Tenho uma filha com 7 anos. No seguimento do que tenho sido como pai (com todos os defeitos e qualidades), pretendo continuar a educá-la convenientemente (ou o melhor que sei). Com o avançar da idade dos porquês, pretendo informá-la de tudo. Pretendo prepará-la para a vida, tal qual ela é. Mas coloco, muitas vezes, esta questão: quem me garante que, mesmo com toda a informação, formação, compreensão, etc.; mesmo com todo o tipo de avisos que lhe possam ser enviados e por ela assimilados; quem me garante, dizia, que um dia ela não seja alvo de uma gravidez indesejada? Então, coloco as seguintes hipóteses: imagina que a tua filha aparece grávida aos quinze ou aos dezasseis anos; imagina que ela não quer ter esse bebé; imagina que o namorado também não quer assumir a paternidade; ou seja, imagina que a tua filha, aos quinze ou dezasseis anos, se vê na circunstância de ter de decidir – pela sua cabeça e com a ajuda dos pais - o destino de uma gravidez para a qual ela não está minimamente preparada e que porá em risco projectos legítimos de uma jovem de quinze anos. Estarei assim tão seguro e convicto ao ponto de permitir que a sua juventude seja «ceifada» por culpa de uma gravidez indesejada? Serei capaz de a «obrigar», mesmo contra a sua vontade, a ter esse filho? Serei capaz de permitir o recurso ao aborto? A todas estas questões, respondo: não sei. A verdade é que, hoje, não sei se permitiria o aborto, não sei se uma gravidez indesejada na juventude “ceifaria” alguma coisa, não sei se esse filho seria uma tragédia ou, pelo contrário, uma dádiva. Sinceramente, não sei. Mas, se permitisse o aborto (e eu coloco essa hipótese), a minha filha deveria ir presa? Aceitaria e consideraria essa punição como razoável, apropriada, proporcional?
Perceberão agora porque é que, na questão do aborto, não consigo deixar de me contradizer? Perceberão agora porque é que, ainda que inconsistentemente, sou contrário à despenalização e, ao mesmo tempo, não consigo apoiar a criminalização?
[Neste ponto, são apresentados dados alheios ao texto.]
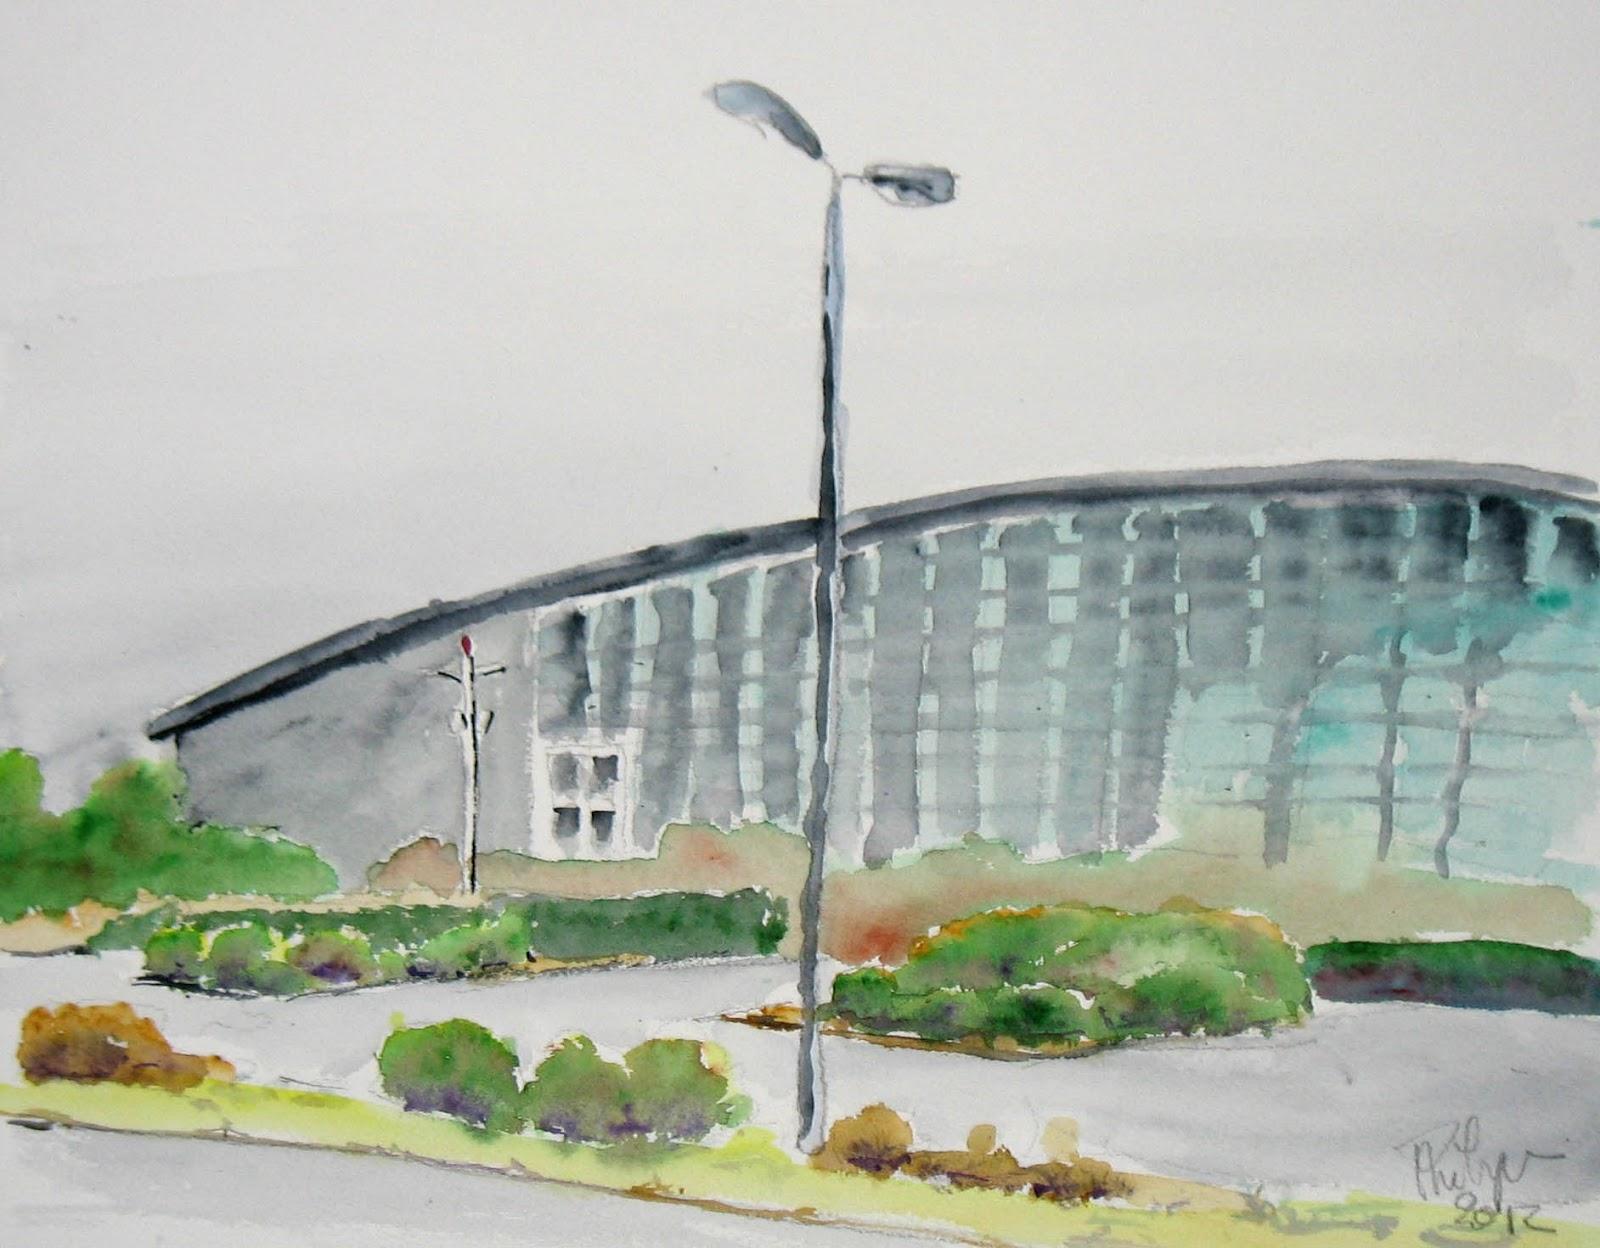 Le blog de michel randonn e du lundi 12 mars 2012 for Piscine querqueville

PS: O João Noronha, sempre rápido e atento, já comentou este 'post', escrevendo, a propósito da expressão "idiotas da objectividade": "Vou agora retirar o barrete para poder continuar a ler o post" e "nunca ninguém falou em prisões sumárias". Se assim é, caro João, não tens de enfiar o barrete. Aliás, a referência aos "idiotas da objectividade" não foi colocada a pensar no Valete. Quanto ao "ninguém falou", bom... sabes perfeitamente que há quem vá por aí. Por último, escreves: "O Contra-a-Corrente é incoerente porque o amor que sente pela sua filha é superior ao amor que sente pelas crianças não nascidas." Sim, nesta matéria sou incoerente. Contradigo-me. Meto os pés pelas mãos. Defeito meu. Mas atrevo-me a colocar a questão: a partir de quando podemos falar em "crianças não nascidas"?